## RECORDED INFORMATION:
■ ■ ■

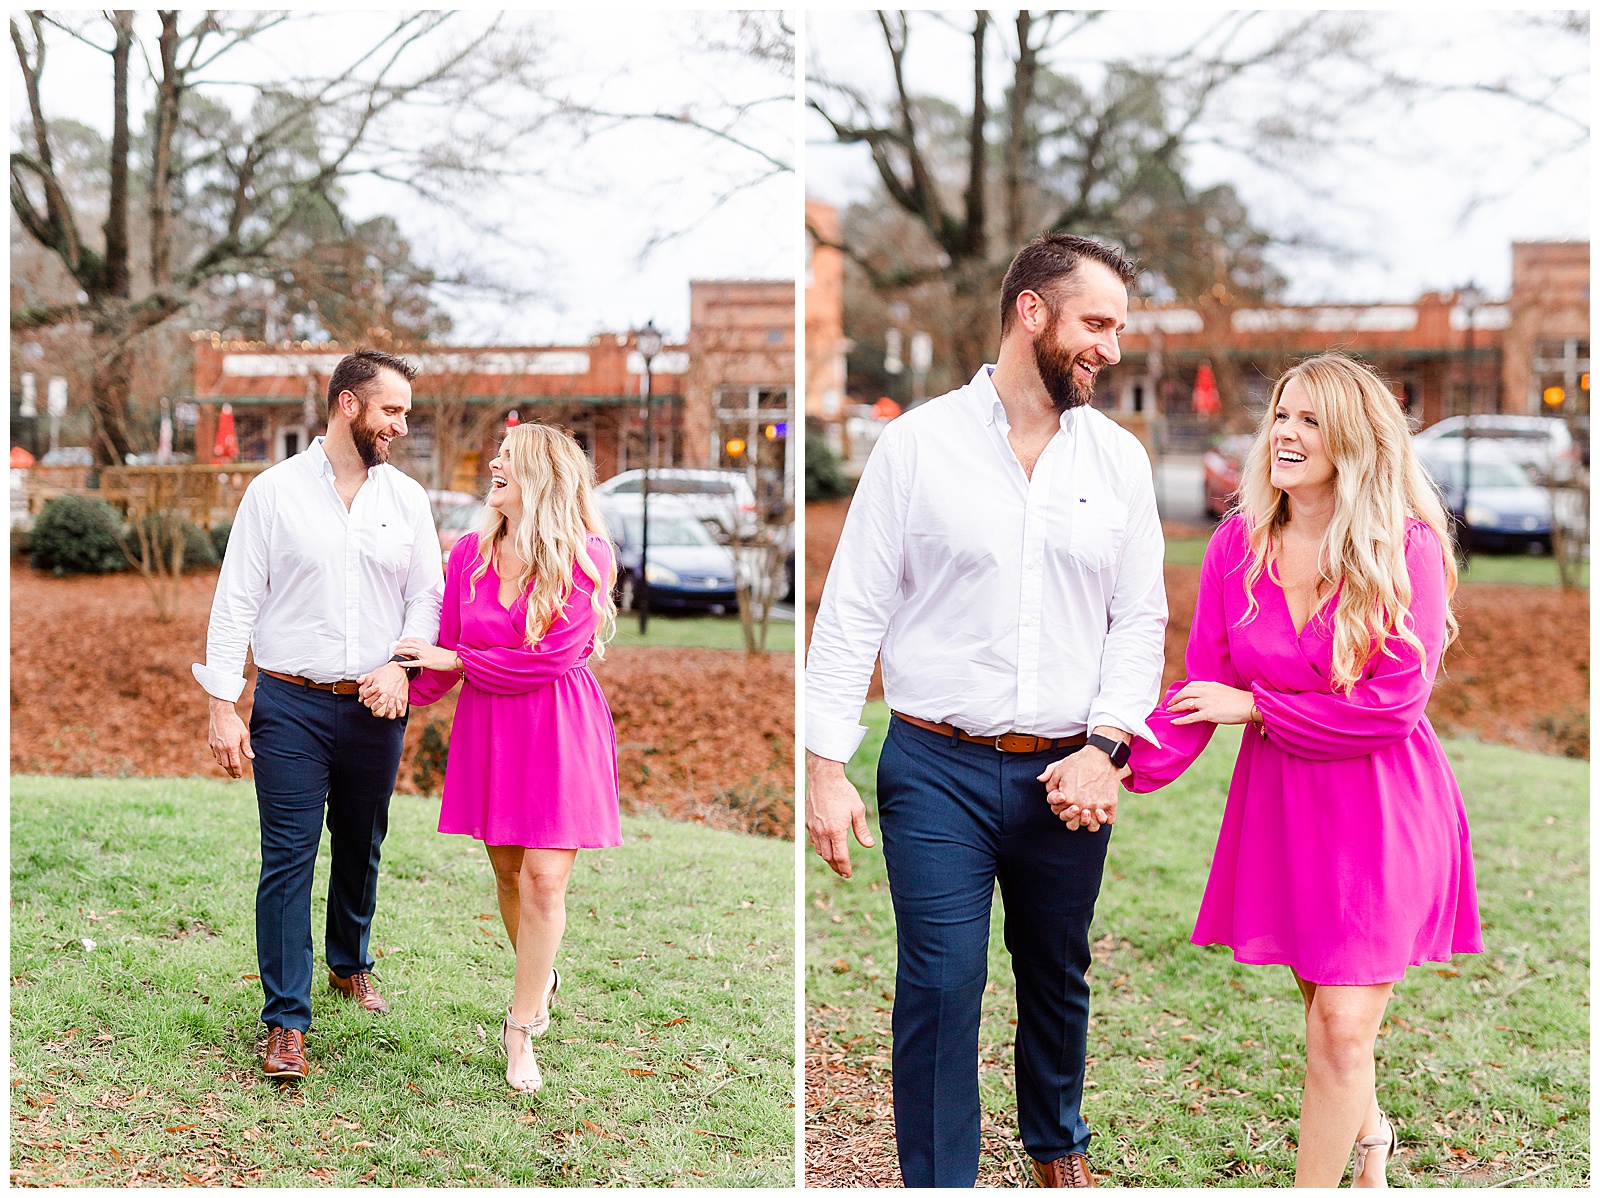 Adorable couple walking in front of train tracks in downtown Waxhaw, NC Engagement Session with Bright Hot Pink Dress Outfit Ideas
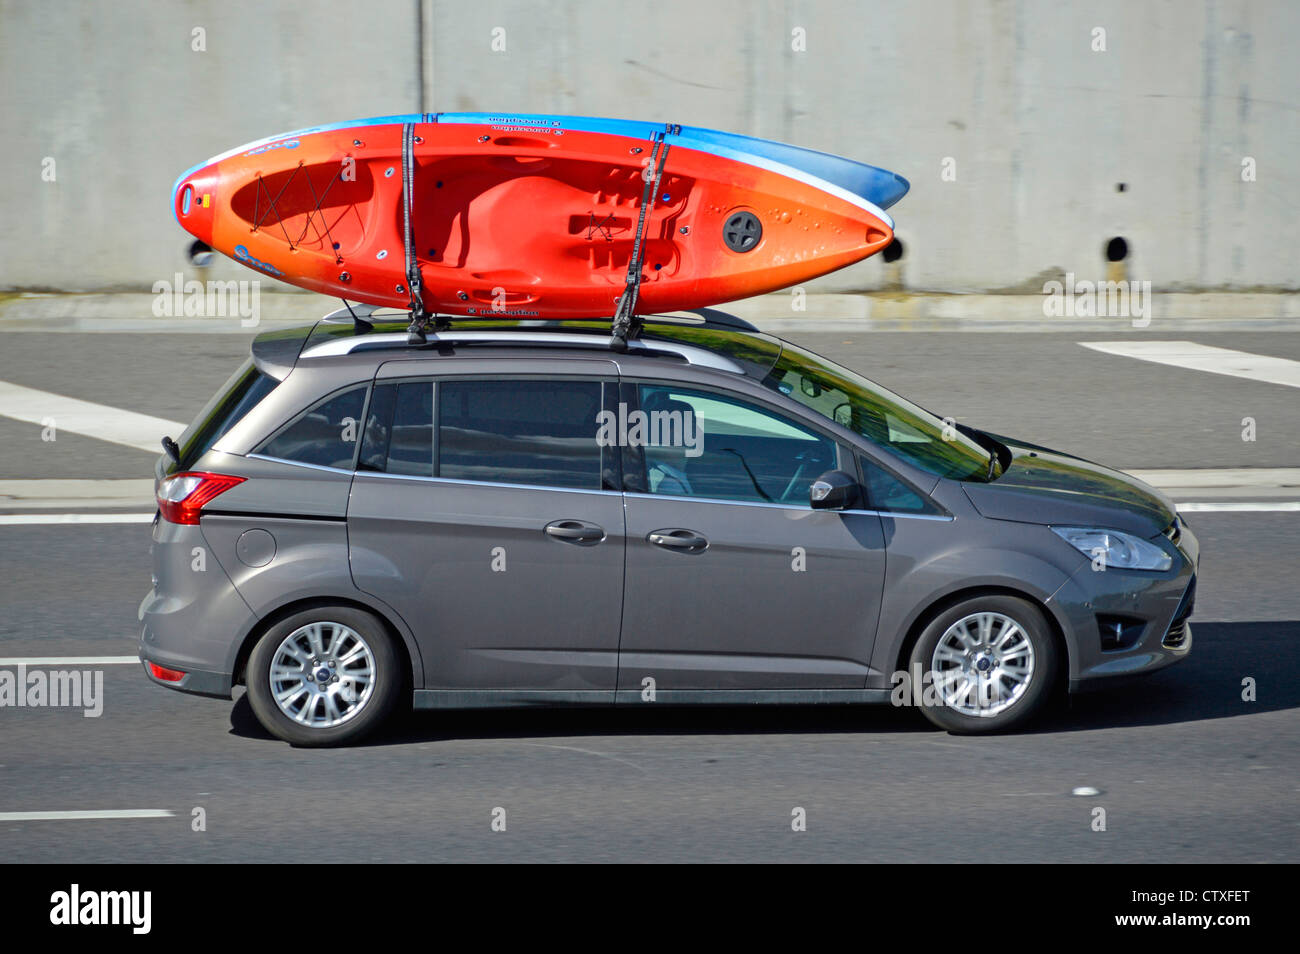 Car driving along with transporting canoe kayaks on roof rack Stock Photo
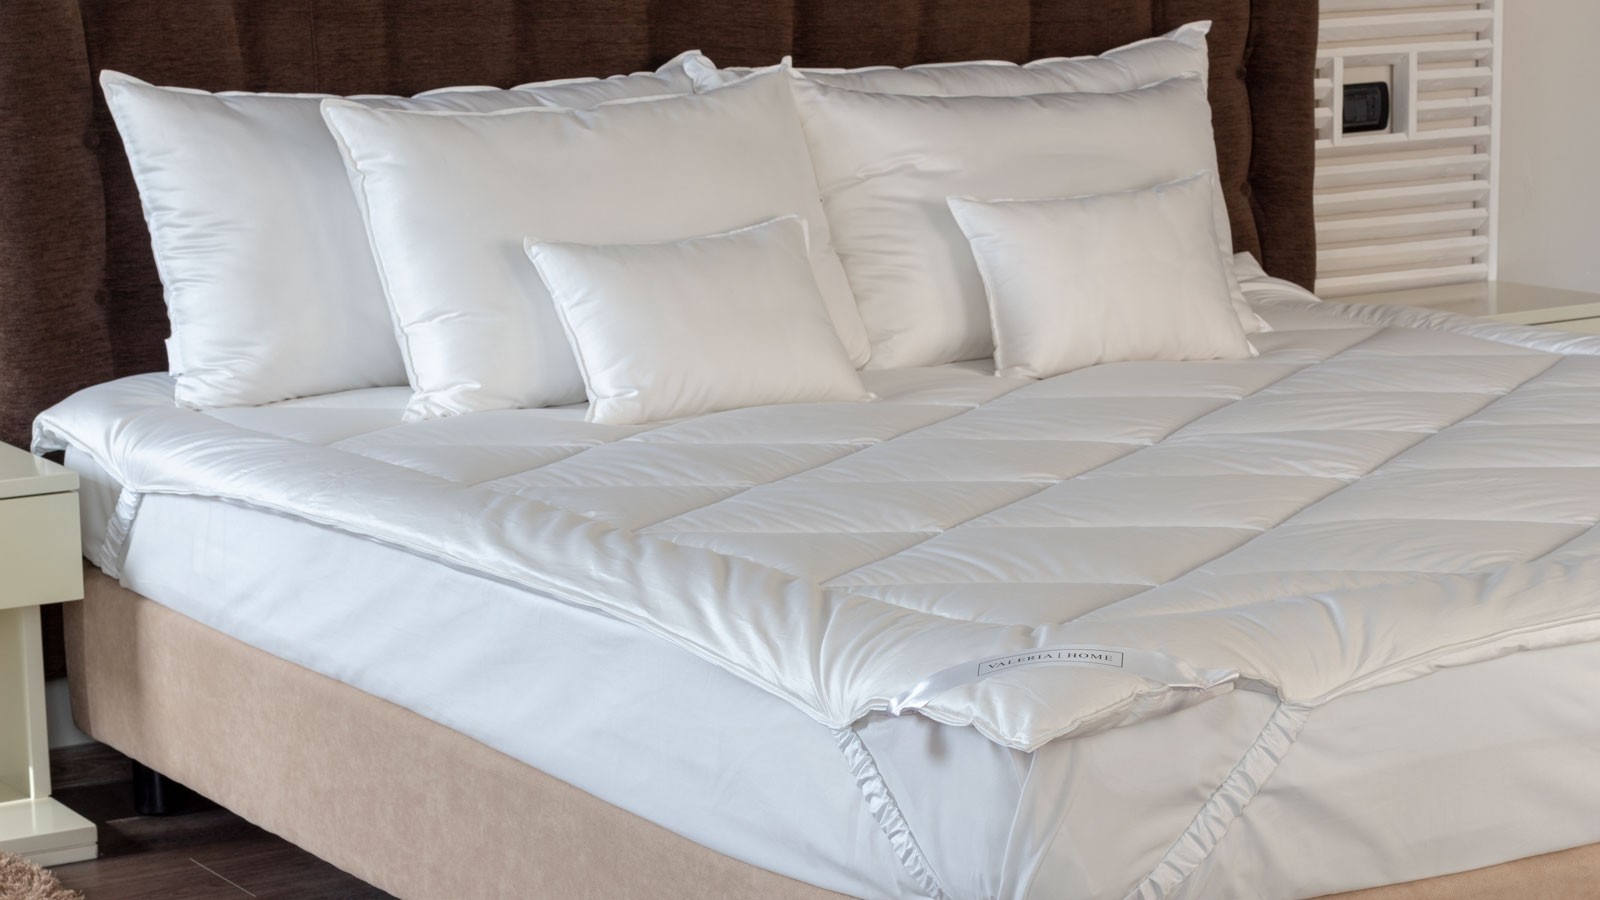 Which Mattress Protector Is Best?

■ ■ ■

## PROBLEM TO WORK ON:
Everything from the line containing "Car driving along" to the final line of the listing above, both ends included, should be transcribed word for word, except for the pictures.

## SOLUTION TO THIS TASK:
 Car driving along with transporting canoe kayaks on roof rack Stock Photo
 Which Mattress Protector Is Best?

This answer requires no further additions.